Johann L. Ehrenhaft, 38MD, 48R, is a physician whose talents in thoracic-cardiovascular surgery have benefited the University of Iowa and countless patients for nearly four decades. Dr. Ehrenhaft became the first chairman of the Division of Thoracic-Cardiovascular Surgery at the University of Iowa Hospitals and Clinics in 1949.
In the early 1950s, a time in the history of medicine when physicians took great steps forward in the treatment of heart disease, Dr. Ehrenhaft distinguished himself as a pioneer in cardiopulmonary surgery. He performed the first closed mitral commissurotomy in Iowa in 1950. The surgical procedure corrected the otherwise fatal ravages of rheumatic fever, which narrowed the valves of the heart, forcing it to work harder.
Early in his career at the UI, Dr. Ehrenhaft designed and constructed one of the first heart-lung machines, a device used to support heart and lung function during open-heart surgery. He used the pump clinically for the first time in 1956 to save the life of a five-year-old girl with a ventricular septal defect. Such open-heart surgeries are now fairly common, but were daring and innovative 30 years ago.
Throughout his career, Dr. Ehrenhaft wrote prolifically, extending his influence beyond the clinics and classrooms at the University of Iowa. His bibliography includes over 140 publications and book chapters, among which is one of the earliest studies encouraging surgeons to consider the removal of tumors that have spread to the lung from other sources. He also served as an editor of the Annals of Thoracic Surgery.
But his true legacy is in the thoracic and cardiovascular surgical program he built at Iowa. Dr. Ehrenhaft directed and supervised the training of 53 thoracic surgeons, 18 vascular surgeons, and seven special fellows before his retirement as chairman in 1986. Known as a deeply humane physician with a passion for excellence, Dr. Ehrenhaft's devotion to developing and maintaining surgical training programs of exceptional clinical scope and experience has been recognized by his peers, who elected him president of the Directors of Thoracic Residencies and a director of the American Board of Thoracic Surgery.
Dr. Ehrenhaft is a member of over 30 professional societies and of all the distinguished surgical societies. His exemplary career has been influenced by many outstanding mentors: by his mother, one of the first women to earn a PhD in Europe; by his father, a renowned physicist; and by his uncle, Dr. Arthur Steindler, an orthopedic surgeon at the University of Iowa.
Dr.

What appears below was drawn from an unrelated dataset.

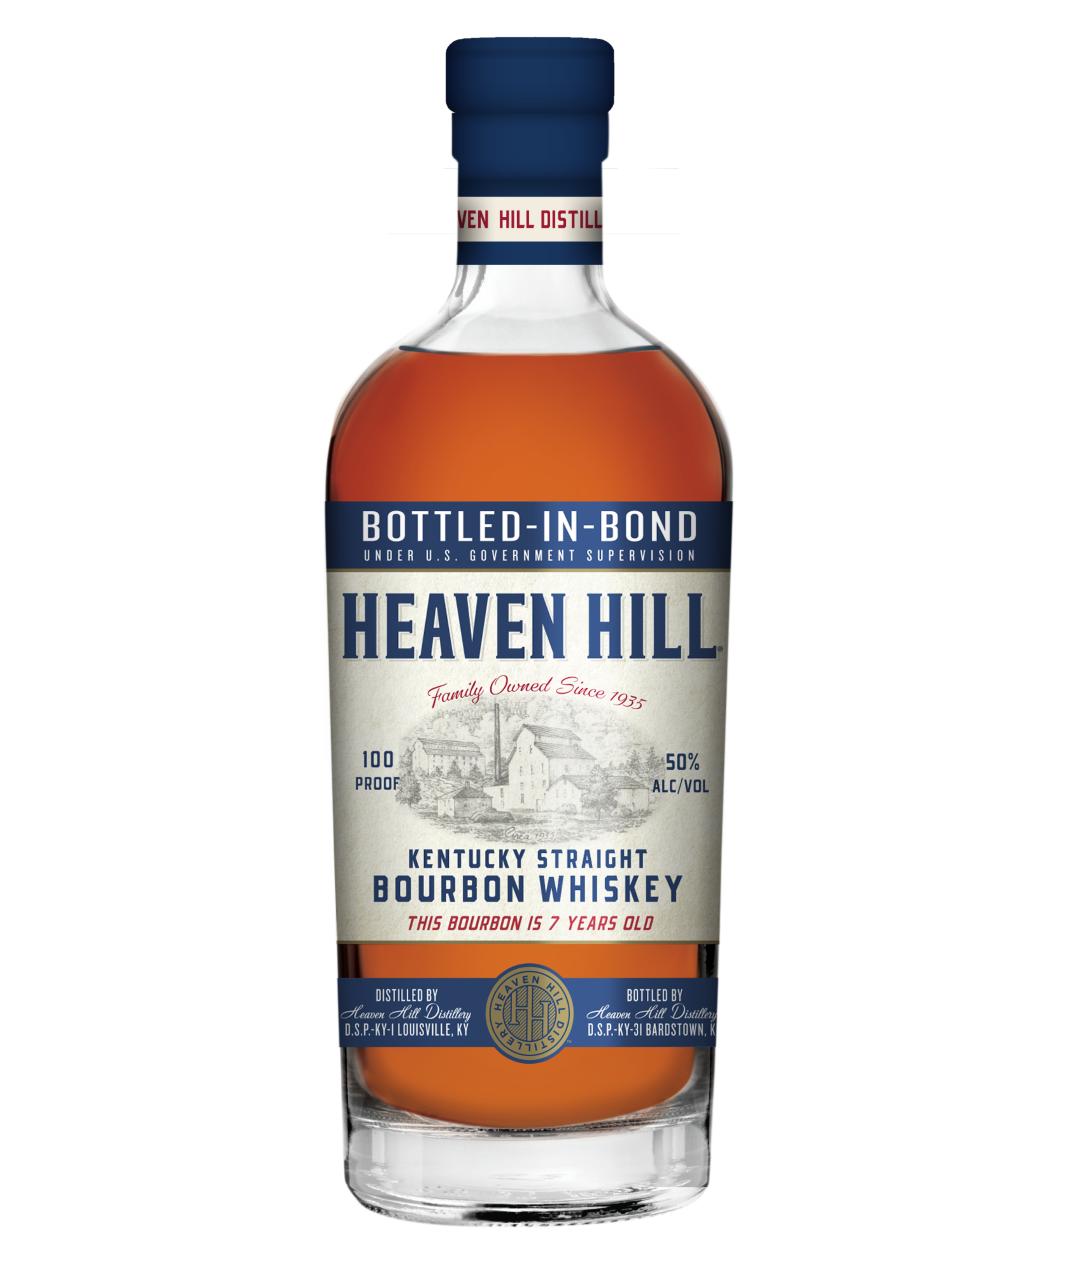 Heaven Hill Bottled-in-Bond Bourbon 7 Years Old

Ehrenhaft's contributions, however, extend beyond medicine. His love of art and his interest in the political and social changes surrounding the Renaissance have combined to make him a knowledgeable and sensitive collector of prints and drawings. He was the first president of the Print and Drawing Study Club at Iowa's Museum of Art and is a member of the Friends Development Council.
Since 1963, the University of Iowa has annually recognized accomplished alumni and friends with Distinguished Alumni Awards. Awards are presented in seven categories: Achievement, Service, Hickerson Recognition, Faculty, Staff, Recent Graduate, and Friend of the University.